Now I have a gzillion other more important things to do with my time, so this is going to be a slow going hobby of mine for several months to come. With generous, talented, knowledgeable tolerant and patient input and/or dialogue with interested others here, I might just might be able to develop a comprehensive plan (as in blueprint) negating the need for the more expensive, time consuming and inefficient trial-and-error approach.

But first (and until I receive my HID bulb+ballast delivery), I'm going to bed to sleep now; perhaps to dream; a dream perhaps in which I'm luxuriating in a desert oasis and finding myself being doted on by exotically beautiful women, all resulting from my having failing to conceal this one self-made flashlight/spotlight/torch that happens outshine all the other lamps in the realm. I just ask that nobody wake me sooner in the morning than necessary, please.

BH


----------



## IlluminatedOne (Nov 8, 2012)

Good luck with your project, there is a wealth of information and people on here to help .


----------



## couver52 (Nov 20, 2012)

Here are a couple of snapshots of the HID bulb & ballast I intend to use. (Sorry about the poor picture quality.) I have a question, in case I find the outer glass envelope poses any difficulty: How can I tell whether this is, or is not, one of those HID bulbs I have read about on Wikipedia where it is claimed, most HIDs are made to automatically turn off if/when the outer envelope becomes cracked or broken? Also, when powering this thing up once it's all assembled in a flashlight case, I'll likely want to use lithium rechargeables. As I believe there is no lithium-ion battery protection-board provided in this lamp (according to the seller), what I might I need to do to make sure that such battery vulnerabilities are automatically circumvented thus preventing resulting damage due to improper drain, charge, heat, etc. conditions, etc.? Look for Lithiu-Ion rechargeables advertized as having such a protection circuitry already included within them. Or is this something I need not worry about as long as I'm careful to never let the batteries run down too low or too close to empty, or at full power for more than a few seconds to minutes?

Thanks


----------



## couver52 (Nov 30, 2012)

Sorry the image didn't show up in the previous post. Trying again here.

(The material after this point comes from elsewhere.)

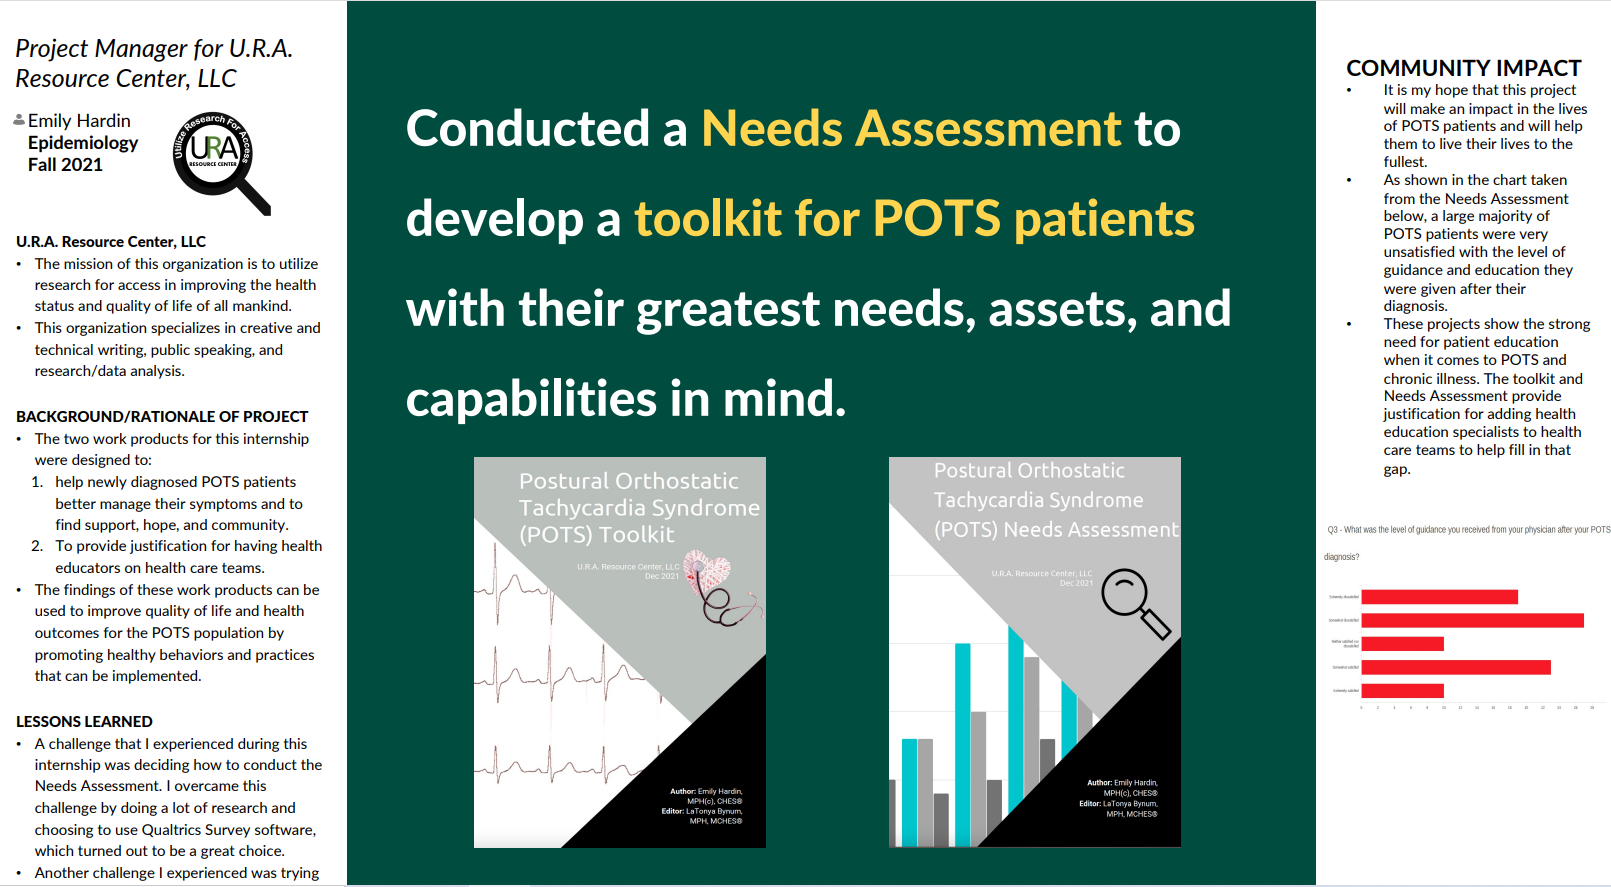 POTS Toolkit Abstract Poster by Emily Hardin, MPH

See Rule #3 Do not Hot Link images. Please host on an image site, Imageshack or similar and repost – Thanks Norm


----------



## couver52 (Dec 1, 2012)

There, now that the picture is up, I can ask for some help/advice, as I can't seem to get the bulb to power up for me.

First of all the vendor says this bulb requires 12V. So I've connected the positive and negative contacts to a 12V capable DC power supply (actually my car battery charger), and the bulb just flickers and won't light up. (Yes, I was careful not to mix up the polarity.)

Now I have three amperage settings on my power supply (car battery charger) which are 2A, 12A and 75A. I've tried all three settings, and yet the bulb behaves the same regardless. I've put a voltmeter on my power supply to test the voltages at each of these amperage settings and found these to be 10.09v, 11.95v and 16.47v respectively. The last two settings meet the bulb's stated required Starting Voltage while certainly being able to supply more than sufficient amperage*.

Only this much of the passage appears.